Regarding the customer-facing side of the technology, Barrett emphasized a "not-creepy" approach. The goal is to use AI to be a "better relationship bank" by identifying leads and prospecting more effectively, but without making the customer feel like they are being monitored by a machine. "This is a journey," Barrett explained. "It is not, you’re going to go buy a tool, and all of a sudden your door is going to be kicked down with all the customers you’re able to generate, because you’re still operating with a very people-centric model."
Barrett also addressed the ROI of AI, noting that it isn’t always about immediate cost savings. "It’s a formula that allows us to really understand, how do we exponentially add more value to our credit people, to our salespeople, than what we would have today?"
Implications: A New Era for Midsize Banking
The shift at Valley Bank has profound implications for the future of the financial services industry, particularly regarding vendor relations and workforce management.

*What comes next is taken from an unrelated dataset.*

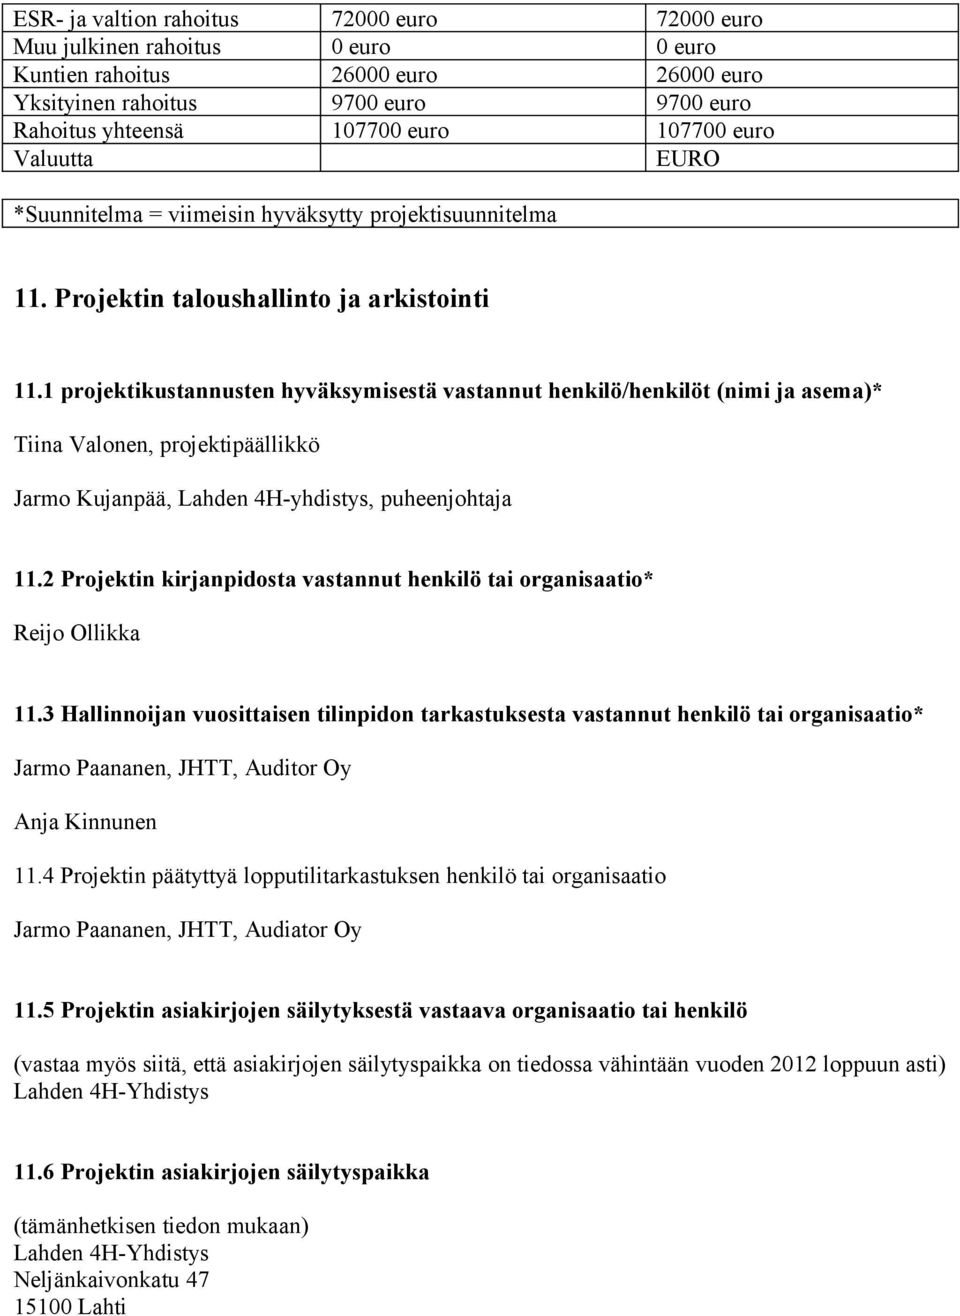 1 projektikustannusten hyväksymisestä vastannut henkilö/henkilöt (nimi ja asema)* Tiina Valonen, projektipäällikkö Jarmo Kujanpää, Lahden 4H-yhdistys, puheenjohtaja 11.

1. The Disruption of the Fintech Vendor Model
For years, fintech companies have thrived by selling "point solutions" to midsize banks. If banks like Valley can now build these solutions internally using agentic AI, the valuation and necessity of many niche fintech vendors may plummet. The "build-versus-buy" calculus is tilting toward "build" because AI acts as a force multiplier for a small team of internal engineers, allowing them to do the work that previously required an entire software company.
2. The Rise of the "Augmented Banker"
Valley Bank is not using AI to replace its 3,600 employees but to eliminate "low-quality, repeatable work." This suggests a future where the role of the banker shifts from data entry and manual prospecting to high-level advisory and relationship management. However, the bank’s lesson that AI cannot yet "codify" the behaviors of relationship building means that human soft skills will remain the primary differentiator in the market.
3. Fiscal Discipline as a Competitive Advantage
As demonstrated by the Uber example, AI can be a "black hole" for capital if not managed correctly. Valley’s tiered access and "token-conscious" strategy may become the industry standard for fiscal responsibility. Banks that fail to monitor their AI consumption may find themselves facing "bill shock" that erases any efficiency gains the technology provided.
4. Closing the Engineering Gap
Perhaps the most significant implication is the leveling of the playing field. If a $64 billion bank can develop proprietary tools that rival those of a $3 trillion bank, the competitive advantage of sheer size begins to diminish. Agentic AI allows midsize banks to be more agile, creating bespoke tools that fit their specific community-banking culture rather than being forced to adopt the rigid structures of "off-the-shelf" vendor software.
In conclusion, Valley Bank’s strategic pivot marks a turning point. The bank is no longer just a consumer of technology; it is becoming a creator. As agentic AI continues to evolve, the ability to execute and move tools into production will separate the winners from the laggards in the increasingly digital landscape of American banking.